I’ve seen the preservative, phenoxyethanol, on many cosmetic bottles so I finally took the time to find out what it is. According to Wikipedia, it is an organic chemical compound, a glycol ether often used in cosmetics, vaccines, and pharmaceuticals.
Chemical of the Day says that phenoxyethanol is commonly used as a fragrance ingredient so if you don’t see ‘phenoxyethanol’ in the ingredient list but you do see ‘fragrance’, it could be in there anyway. The Green Beauty Guide says these are ‘nicknames’ for phenoxyethanol:
IS IT SAFE?
Skin Deep considers phenoxyethanol a ‘4’ or ‘moderate risk’.
Numerous studies have shown it to be a skin irritant and the FDA warned consumers not use a nipple cream for breastfeeding mothers because the phenoxyethanol in it “can depress the central nervous system and may cause vomiting and diarrhea, which can lead to dehydration in infants.”

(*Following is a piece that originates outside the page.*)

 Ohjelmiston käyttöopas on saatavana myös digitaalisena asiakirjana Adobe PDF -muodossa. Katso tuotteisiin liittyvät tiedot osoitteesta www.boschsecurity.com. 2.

The Environmental Medical Division at Oregon Health Sciences University reported 3 cases of phenoxyethanol neurotoxicity:
2-Phenoxyethanol, used as an anesthetic for handling small fish at a salmon hatchery, caused three women to experience headache and symptoms of intoxication during use, followed by diminished sensation and strength of hands and fingers, worse in the preferred hand. Persistent neuropathy did not develop in any of them. After 1 to 2 years of exposure, the women manifested gradual onset of symptoms of cognitive impairment with an inability to work. Neuropsychologic testing verified that all three had focal cognitive impairments that persisted. One also had documented labyrinthine hypofunction, which originated during this exposure.

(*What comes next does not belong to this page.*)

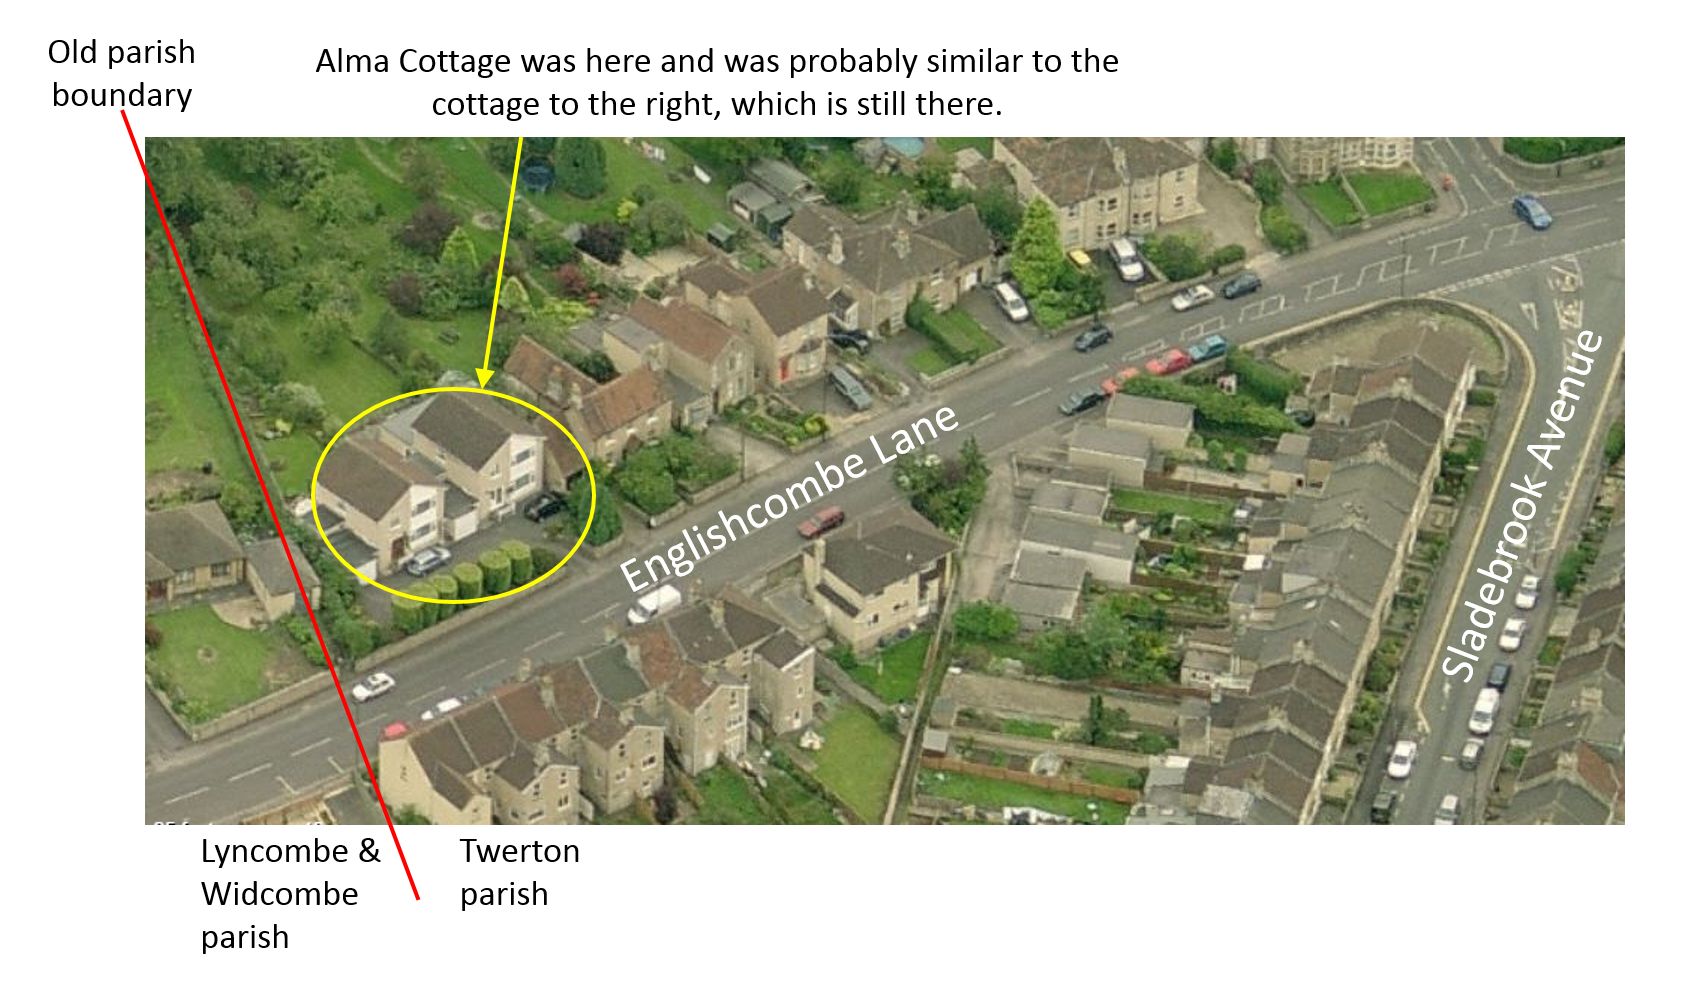 Showing location of Alma Cottage, Englishcombe Lane

Phenoxyethanol is considered a “safer preservative” so I bet if you look at many of the skin care products labeled ‘natural’, you’ll find phenoxyethanol as an ingredient. I’m constantly looking at the ingredients on products at the store so I see it all the time. Up until this point, I haven’t specifically avoided it but I probably will going forward, as much as I can.
Do you read ingredient lists on cosmetics? What chemicals do you specifically look for to avoid?